This repository is more a collection of code than a proper project. It is not usable in its actual state. It is badly commented (some comments are in french) and not clean code.
However this can be used as a base for a similar project. For anyone that would like some support at using some of the features please contact me.
The base concept is the following : Instead of generating waveform directly in the time domain (like https://github.com/ibab/tensorflow-wavenet) this AI music generator uses a more guided approach for the AI.
The database (not provided) is a list of FLP projects (FL studio software from Image-Line). After a pre-process done with a C# app, the data are extrected from the FLP projects. This application is based on https://github.com/monadgroup/FLParser.
Then a Python script transforms the data into a training database for the AI. The data types of the database are the following :
- Midi files with a fixed number of channels for each song, they are always a sequence of midi files for each song (Intro, Verses, Choruses, Outro).
- Samples of instruments from different FLP projects and a small encoding associated (based on frequency peaks).
- A file linking which sample have been used with which channel on the project.

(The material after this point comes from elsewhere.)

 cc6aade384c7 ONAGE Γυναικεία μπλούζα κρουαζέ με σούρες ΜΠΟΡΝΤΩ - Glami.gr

To train the AI at generating some new songs a sequence of model are trained. Originally there was some google collab notebooks with how to train model but those files have been lost. However the training process is not very complicated.
-
First a small small-GPT3 model is trained using the INTRO midi files to propagate a sequence of note providing the first bar of the INTRO midi file. At generation the first bar is initialized randomly.
-
Then a series of seq2seq model are used from https://github.com/google/seq2seq. There is one Verse model, one Choruses, one Outro. This straegy has been used to ensure some coherence through the song. The models uses as input the output of the previous model in the sequence like this : INTRO --> Verse --> Chorus --> Outro. At generation time one can define a sequence with more than one Verses and Chorus for the song.
-
Now we associate a sample for each channel. To do this we train another seq2seq model at : giving the full sequence of note for all channels, predict the best peak encoding of samples to associate with each channels. At prediction time, we pick in the database the sample with the closest peak encoding result.
-
We then uses another seq2seq model to predict the pan, the volume, and the stereo of each note. All the channels are passed sequentially with the associated encoding of the chosen sample.
-
The obtained files can be used with the Python and the C# app to be converted to brand new FLP projects and can be exported to any format using FL Studio.
Again, this project is a complete draft at disposal of anyone who might have an interest in it, enjoy.